On Tue, Dec 11, 2007 at 06:26:55PM +0000, David Greaves wrote:
> I've been having problems with this filesystem for a while now.
> I upgraded to 2.6.23 to see if it's improved (no).
> Once every 2 or 3 cold boots I get this in dmesg as the user logs in and
> accesses the /scratch filesystem. If the error doesn't occur as the user logs
> then it won't happen at all.
> Filesystem "dm-0": XFS internal error xfs_btree_check_sblock at line 334 of
> fs/xfs/xfs_btree.c.
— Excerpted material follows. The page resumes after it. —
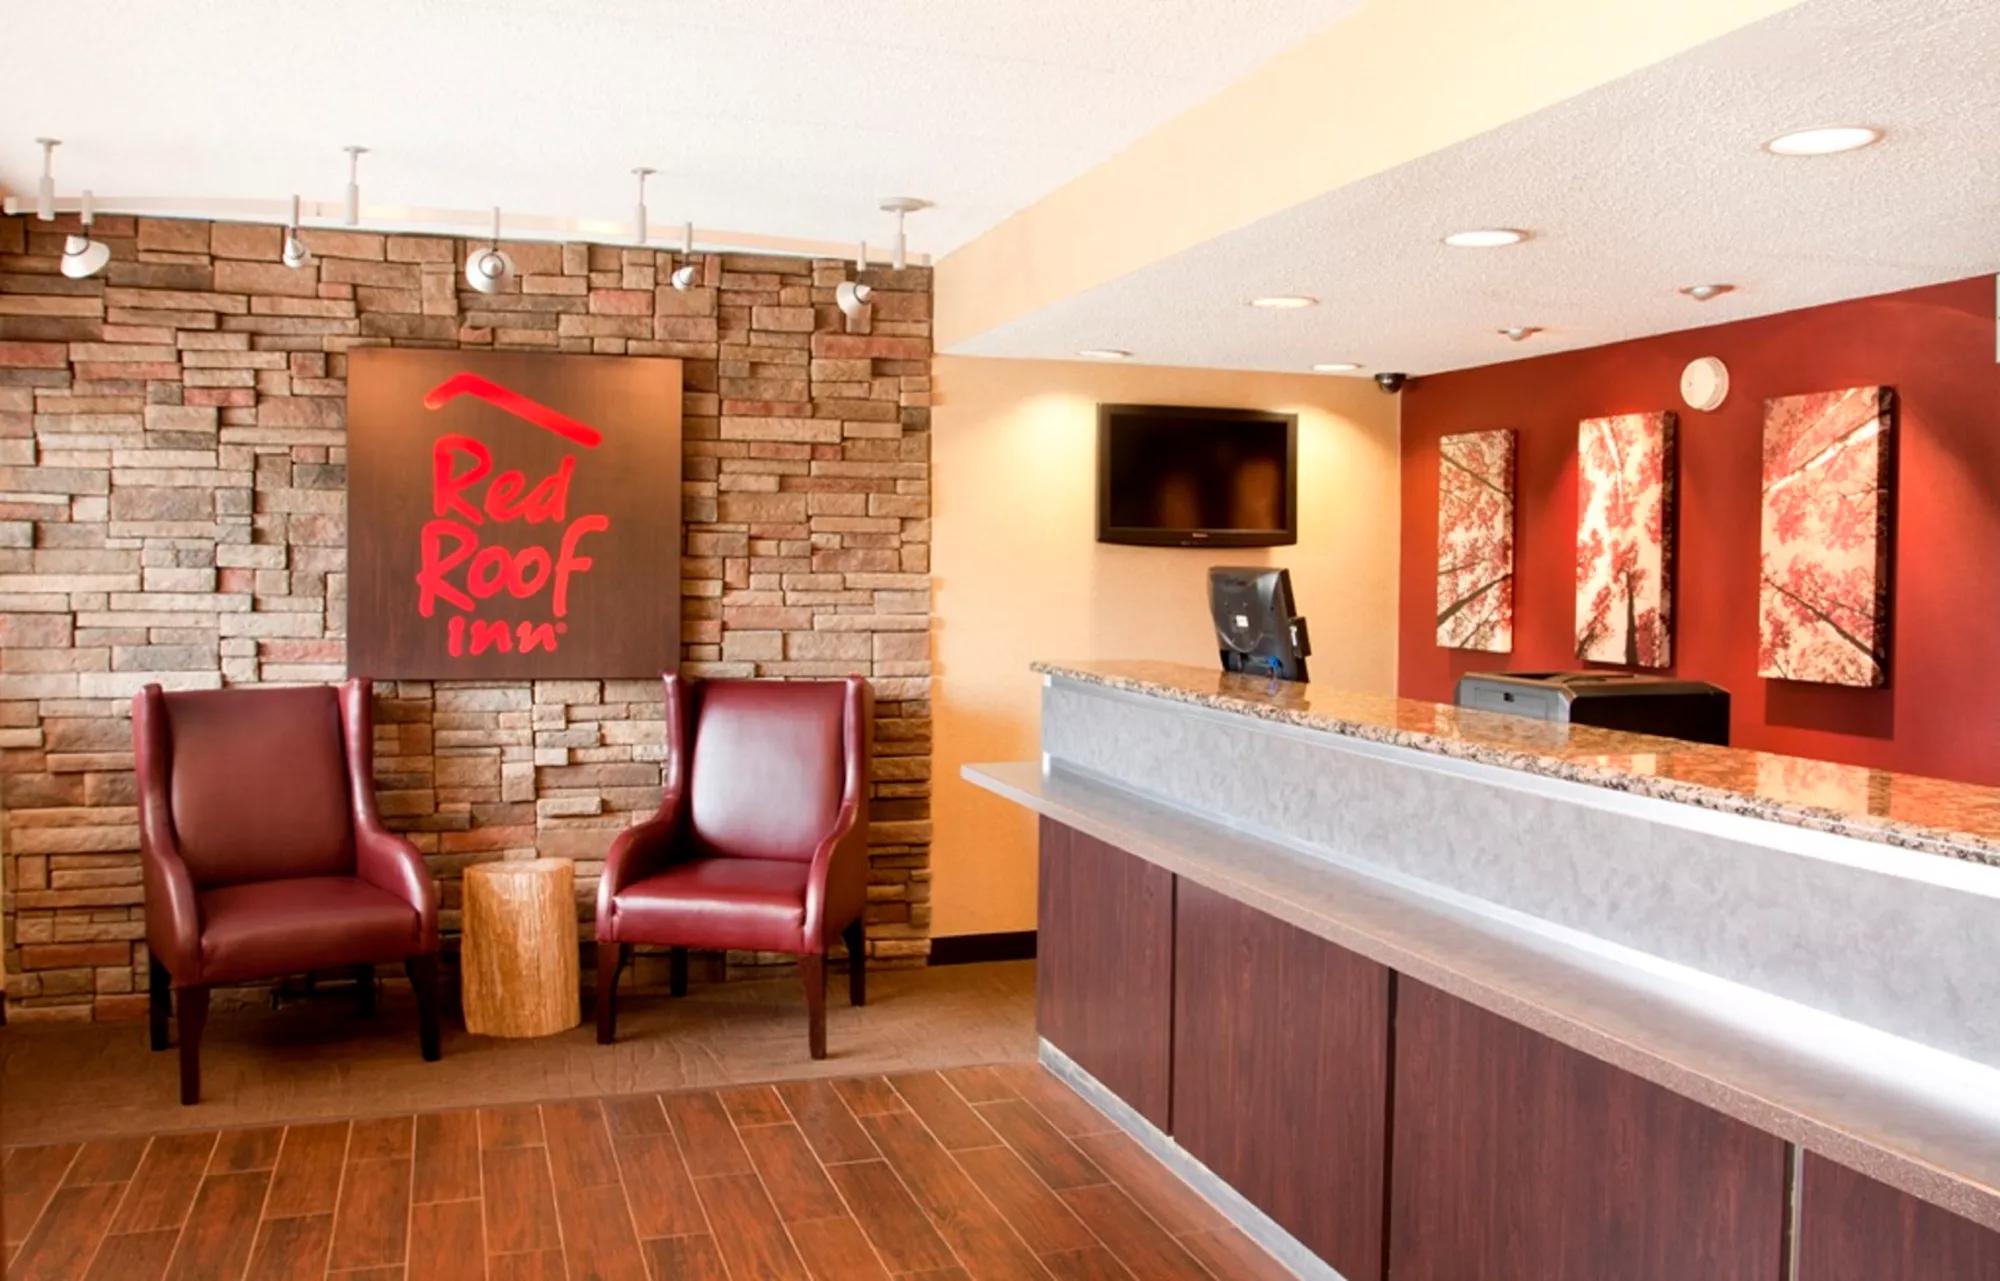 Red Roof Inn Buffalo - Niagara Airport Front Desk and Lobby Image Details
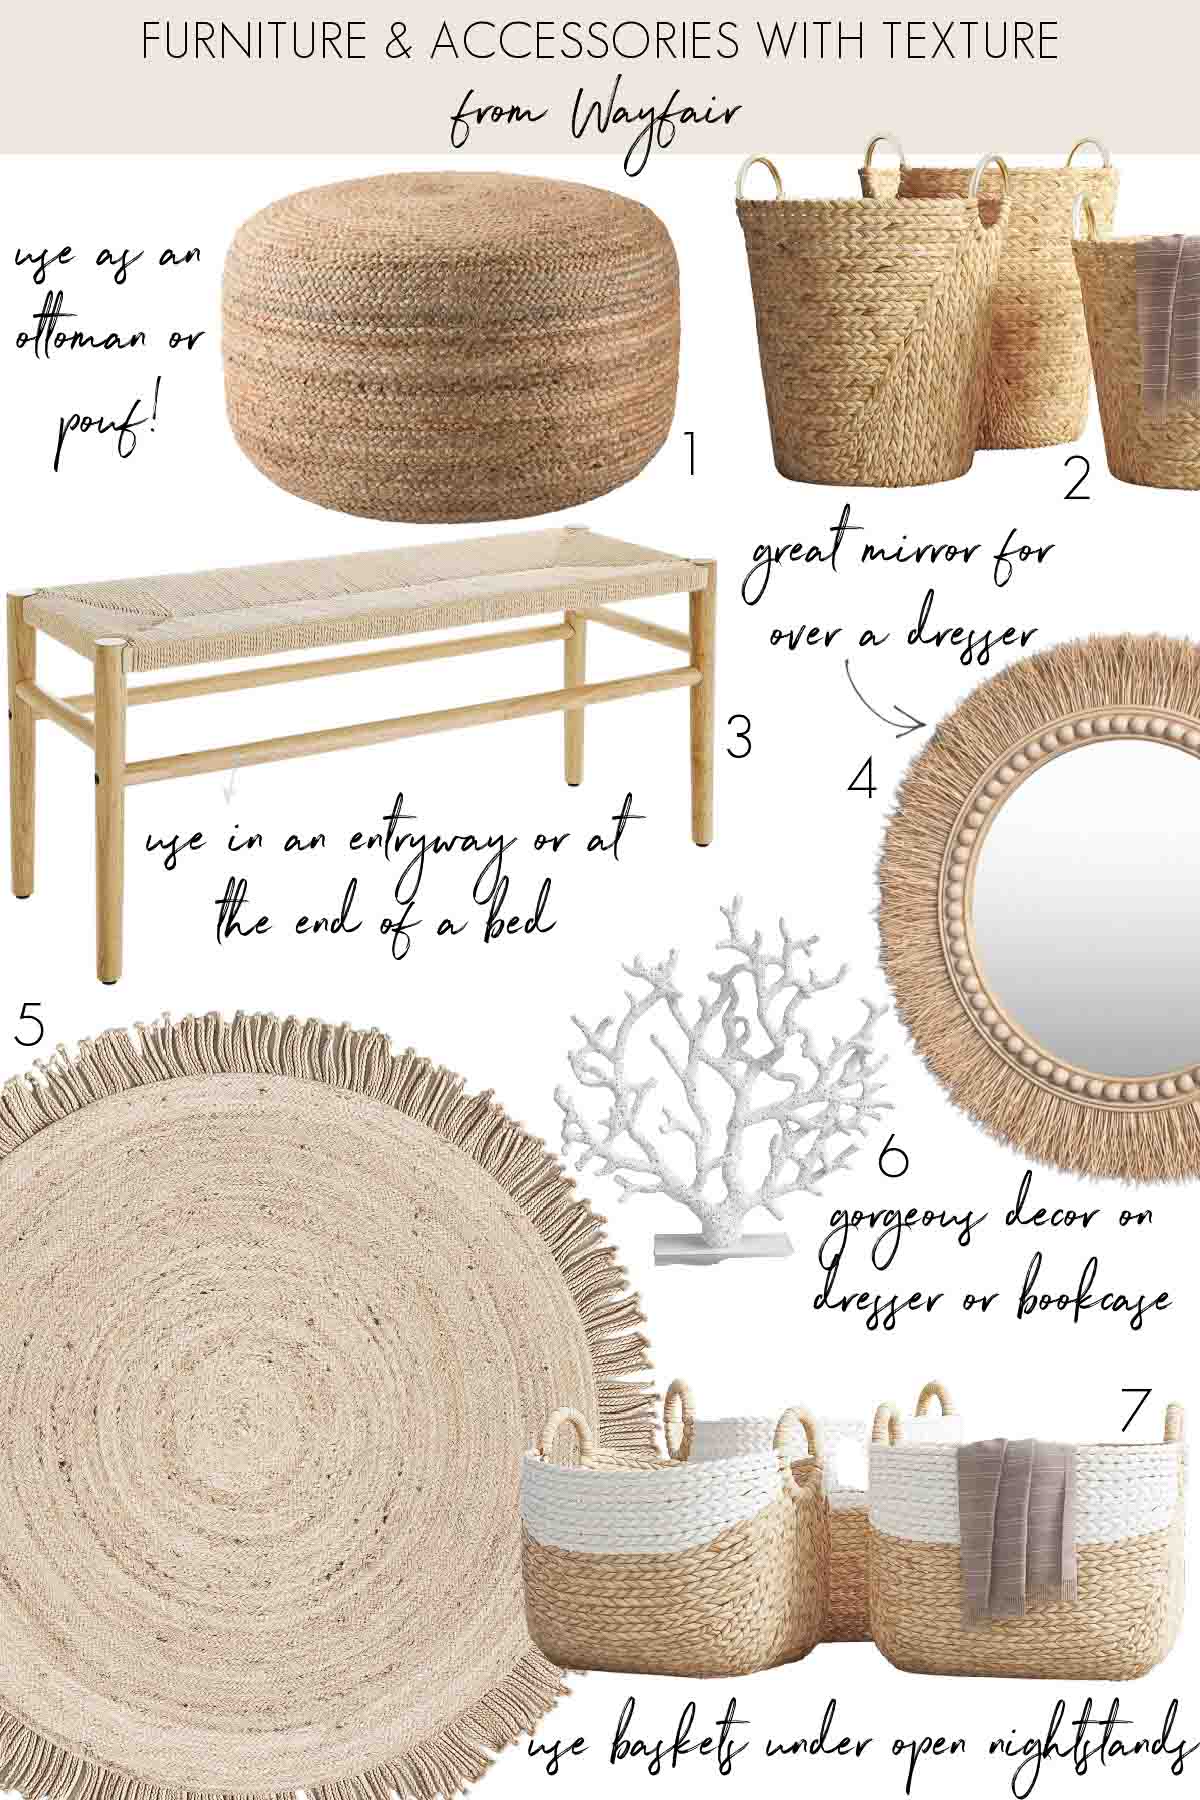 Furniture and accessories with texture

Caller 0xc01b7bc1
> [<c010511a>] show_trace_log_lvl+0x1a/0x30
> [<c0105d72>] show_trace+0x12/0x20
> [<c0105d95>] dump_stack+0x15/0x20
> [<c01dd34f>] xfs_error_report+0x4f/0x60
> [<c01cfcb6>] xfs_btree_check_sblock+0x56/0xd0
> [<c01b7bc1>] xfs_alloc_lookup+0x181/0x390
> [<c01b7e23>] xfs_alloc_lookup_eq+0x13/0x20
> [<c01b5594>] xfs_free_ag_extent+0x2f4/0x690
> [<c01b7164>] xfs_free_extent+0xb4/0xd0
> [<c01c1979>] xfs_bmap_finish+0x119/0x170
> [<c0209aa7>] xfs_remove+0x247/0x4f0
> [<c0211cc2>] xfs_vn_unlink+0x22/0x50
> [<c0172f28>] vfs_unlink+0x68/0xa0
> [<c01751e9>] do_unlinkat+0xb9/0x140
> [<c0175280>] sys_unlink+0x10/0x20
> [<c010420a>] syscall_call+0x7/0xb
> xfs_force_shutdown(dm-0,0x8) called from line 4274 of file fs/xfs/xfs_bmap.c.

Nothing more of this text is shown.